It was obviously just a matter of time before there would be an Aster appliance from Teradata and some tuned bidirectional Teradata-Aster connectivity. These have now been announced. I didn’t notice anything particularly surprising in the details of either. About the biggest excitement is that Aster is traditionally a Red Hat shop, but for the purposes of appliance delivery has now embraced SUSE Linux.
Along with the announcements comes updated positioning such as:
- Better SQL than the MapReduce alternatives have.
- Better MapReduce than the SQL alternatives have.
- Easy(ier) way to do complex analytics on multi-structured data. (Aster has embraced that term.)
and of course
- Now also with Teradata’s beautifully engineered hardware and system management software!
As might also be expected, the announcements are accompanied by pictures along the lines of “There are your various data sources; there’s Teradata; there’s Aster; there’s Hadoop; look at all the nice arrows connecting them!”
Teradata Aster further decided it was time for a 5.0 DBMS release. Highlights include:
- Aster’s SQL-MapReduce has more flexible inputs. Specifically, if you view SQL/ MapReduce as steroid-enhanced table functions, those functions can now each have multiple tables as input. Aster is rightly positioning this as the key feature of the Aster 5.0 release.
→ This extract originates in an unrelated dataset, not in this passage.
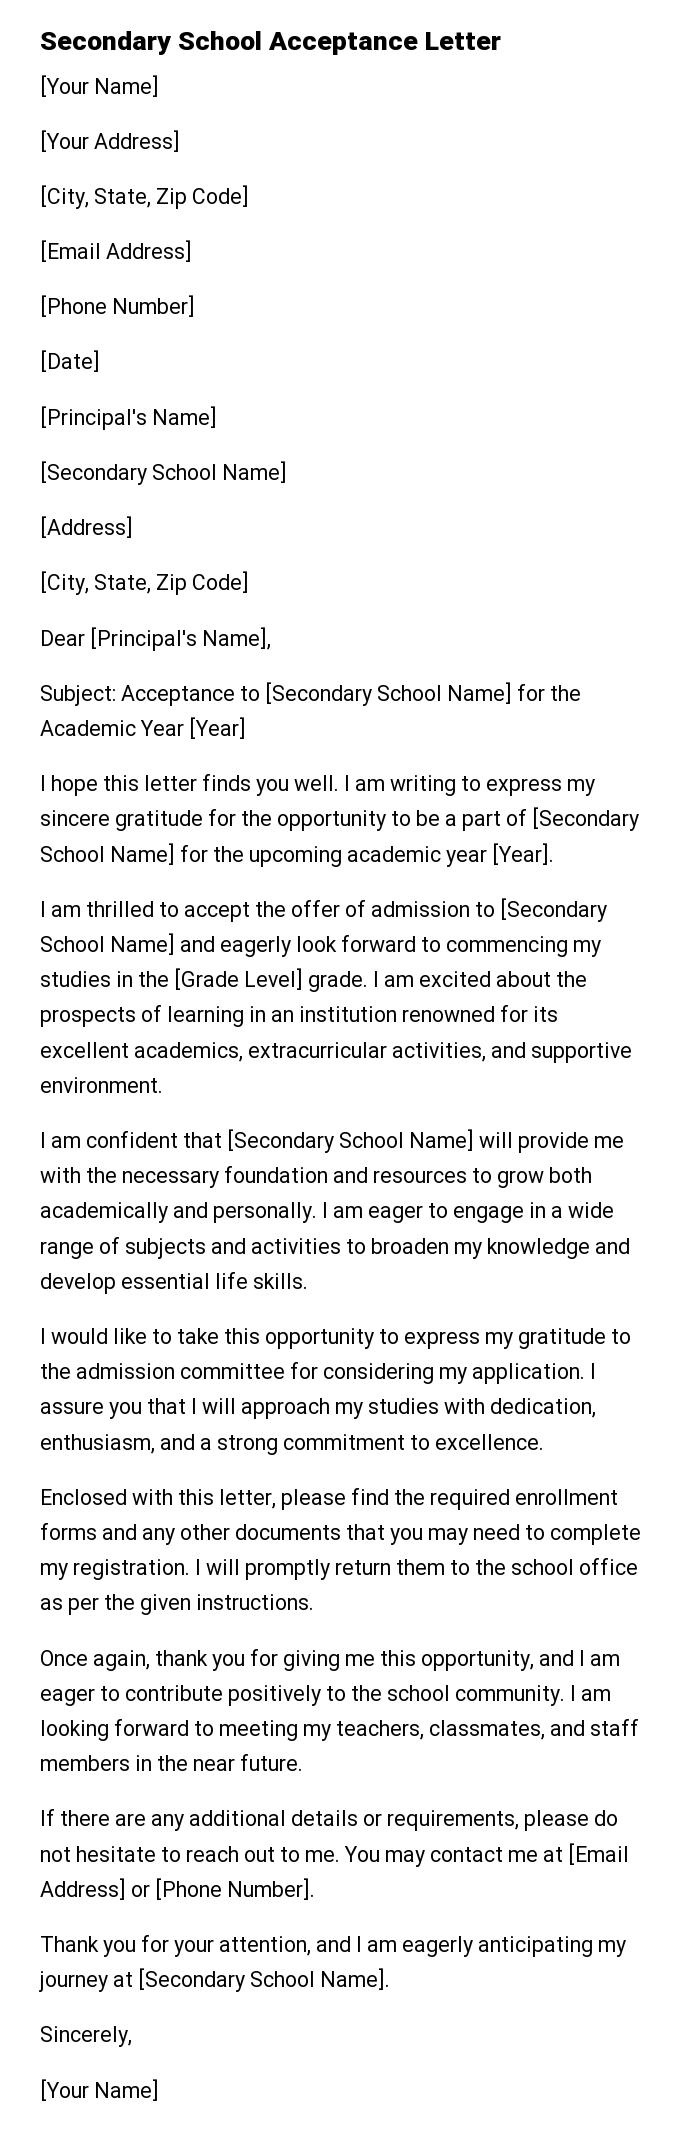 Secondary School Acceptance Letter

- Workload management now explicitly manages not only CPU and I/O, but also RAM. That surely makes it safer to use algorithms which aggressively create temporary data structures. And the allocation is dynamic, in that it can be throttled back if workloads require.
- There’s more SQL functionality — I think this is minor, as Aster seems to have had pretty good SQL coverage already.
- Performance has been improved; i.e., Bottleneck Whack-A-Mole has progressed in multiple ways. One improvement Aster thinks is cutting-edge is a hybrid kind of join that tries to be a hash, then reverts to a merge if it has to spill out of memory. (E.g., if the available RAM is throttled back.)
Also, Aster is always expanding its library of prebuilt analytic functions/packages — often in connection with specific customer engagements — and took this opportunity to mention numerous recent or near-future additions to the list.
Part of Aster’s motivation in making multiple input tables available to its parallel analytic functions seems to be to allow the use of intermediate result sets alongside raw data. In some ways, this seems to be an alternative to the MPI-based approach favored by SAS, and highlights limitations of the vanilla MapReduce paradigm. The specific examples given were k-means clustering and — which I’d never heard of before — SAX pattern matching.
For an example of two true data tables being used as inputs, Aster offered a case of advertising attribution, with the data being about impressions and also conversions. Frankly, I suspect a “join them all and let MapReduce sort them out” strategy would also work for that application; if you join on something like Customer_ID, just how big would the result set really be? Even so, we can imagine other cases in which messy boundaries for graphs or time series makes that strategy unappealing, and — you read it here first! — Aster’s target use cases are focused on time series and graphs.
And finally: Whenever I ask the Aster folks “So, how big are Aster databases that are actually in production?”, they try to convince me that this is the wrong thing to ask. But — without actually answering the question — they did say:
- The new Teradata Aster appliance has been tested to a couple hundred terabytes.
- They are very confident about scaling Aster to a few hundred terabytes.
- They don’t have much in the way of proof in the 1 petabyte range.